The content of this article is about the code example of topological sorting of directed acyclic graph in Python. It has certain reference value. Friends in need can refer to it. I hope it will be helpful to you.
Topological sorting of Python directed acyclic graph
The official definition of topological sorting is: from a partial order on a certain set to get the upper part of the set A total order of , this operation is called topological sorting. Personally, I believe that topological sorting is a sorting method that introduces the concept of in-degree into the basic traversal method of graphs and implements it around in-degree. Topological sorting is similar to the sorting of mro rules in Python multiple inheritance.
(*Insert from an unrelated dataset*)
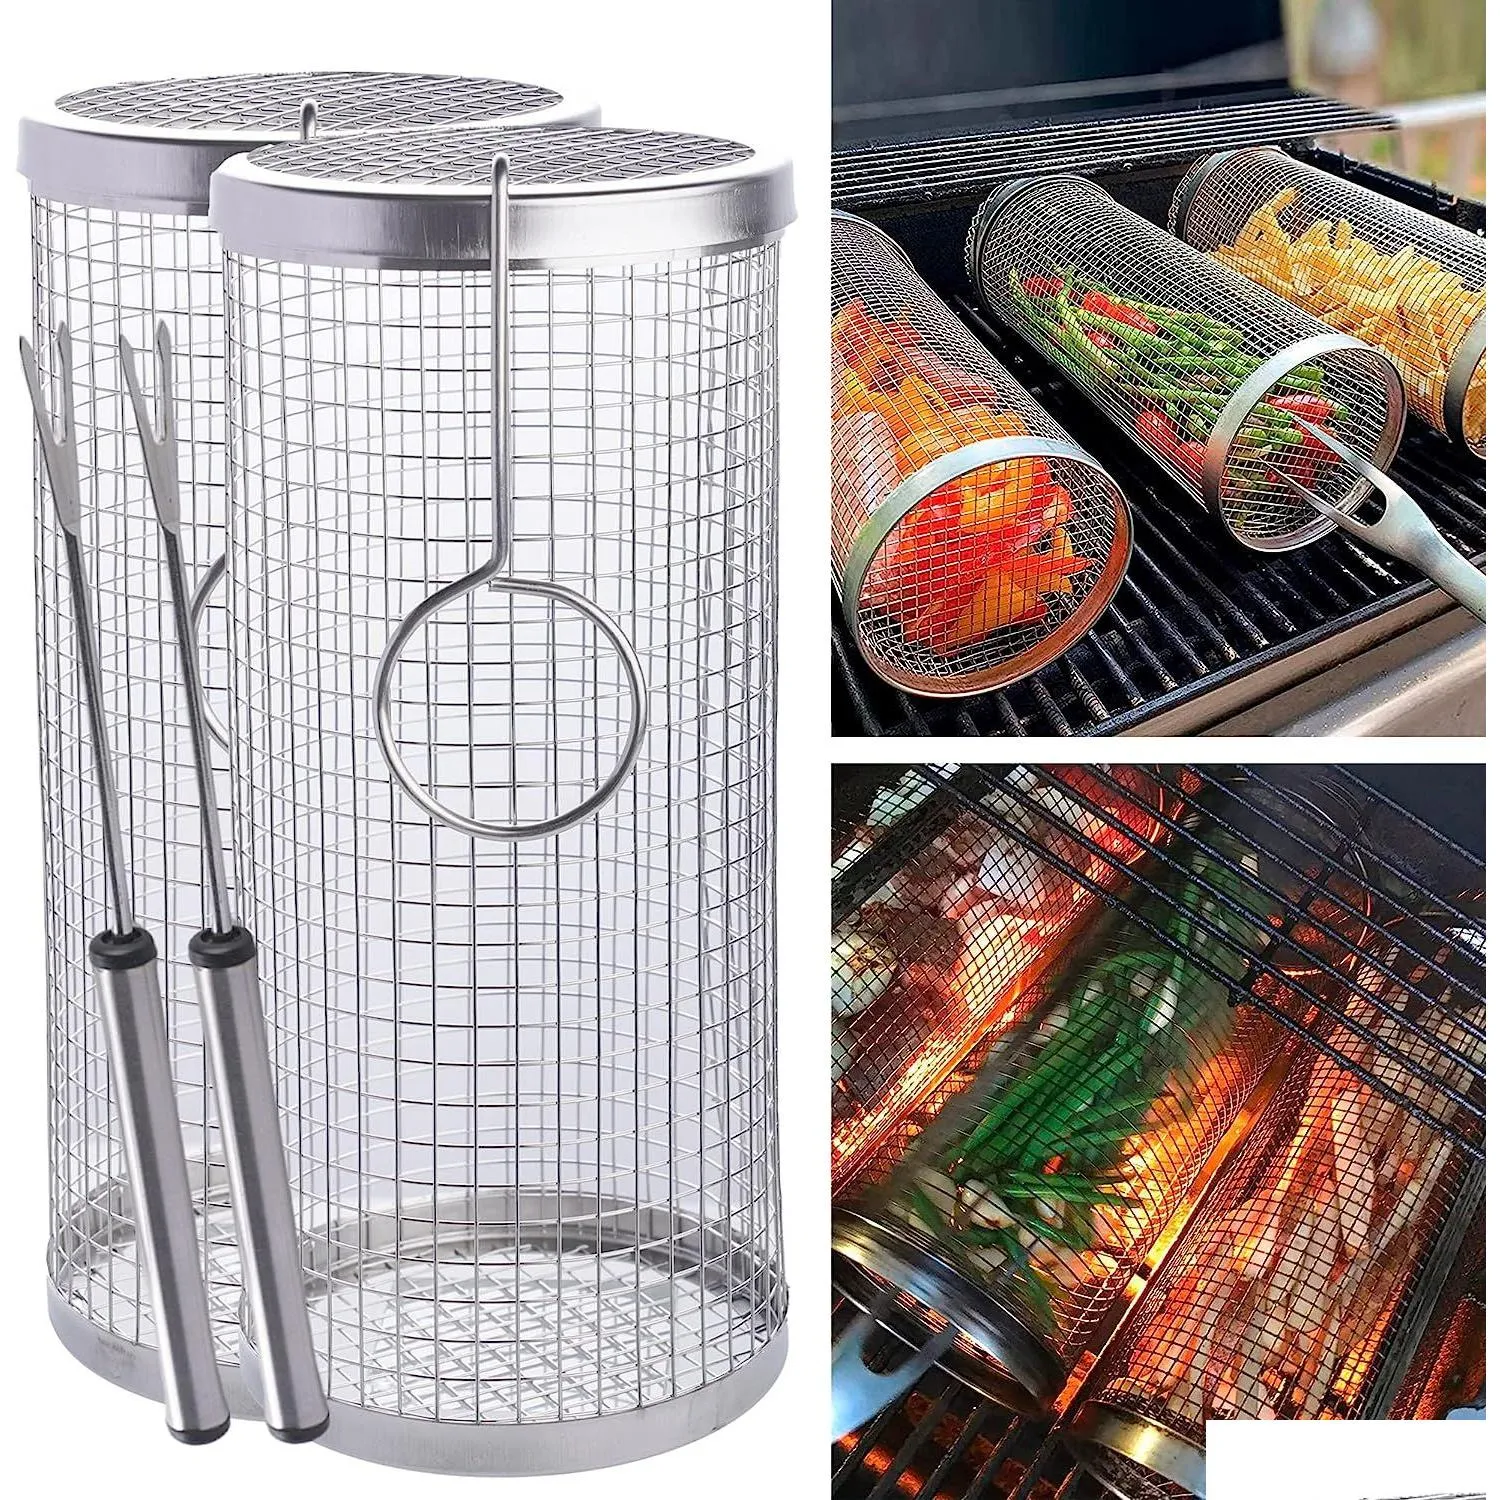 Bbq Tools Accessories The Stainless Steel Barbecue Cooking Basket Is Suitable For Outdoor Grill Round Bonfire Cam Picnic Drop Deli Dhfsy

If you want to study the mro rules in depth C3 algorithm, you might as well learn about the topological sorting of DAG (Directed Acyclic Graph).
In-degree: refers to the sum of the number of points pointed to a node in the directed graph
Directed Acyclic Graph: Directed Acyclic Graph, DAG for short. If you are familiar with machine learning, you will definitely be familiar with DAG, such as ANN , DNN, CNN, etc. are all typical DAG models. I won’t elaborate too much on these models here. Those who are interested can learn by themselves.
Take a directed acyclic graph as an example, as shown below:
# 定义图结构graph = { "A": ["B","C"], "B": ["D","E"], "C": ["D","E"], "D": ["F"], "E": ["F"], "F": [],}
A points to The element pointed to is B, the element pointed to by C
B is D, the element pointed to by E
C is D, the element pointed to by E
D is pointed to by F
E, and the element pointed to by F
F The element of is empty
That is, the in-degree of A is 0, the in-degree of B is 1, the in-degree of C is 1, the in-degree of D is 2, the in-degree of E is 2, and the in-degree of F is 2
In the topological sorting of DAG, each time a point with an in-degree of 0 is selected and added to the topological queue, and then all edges connected to this point are deleted.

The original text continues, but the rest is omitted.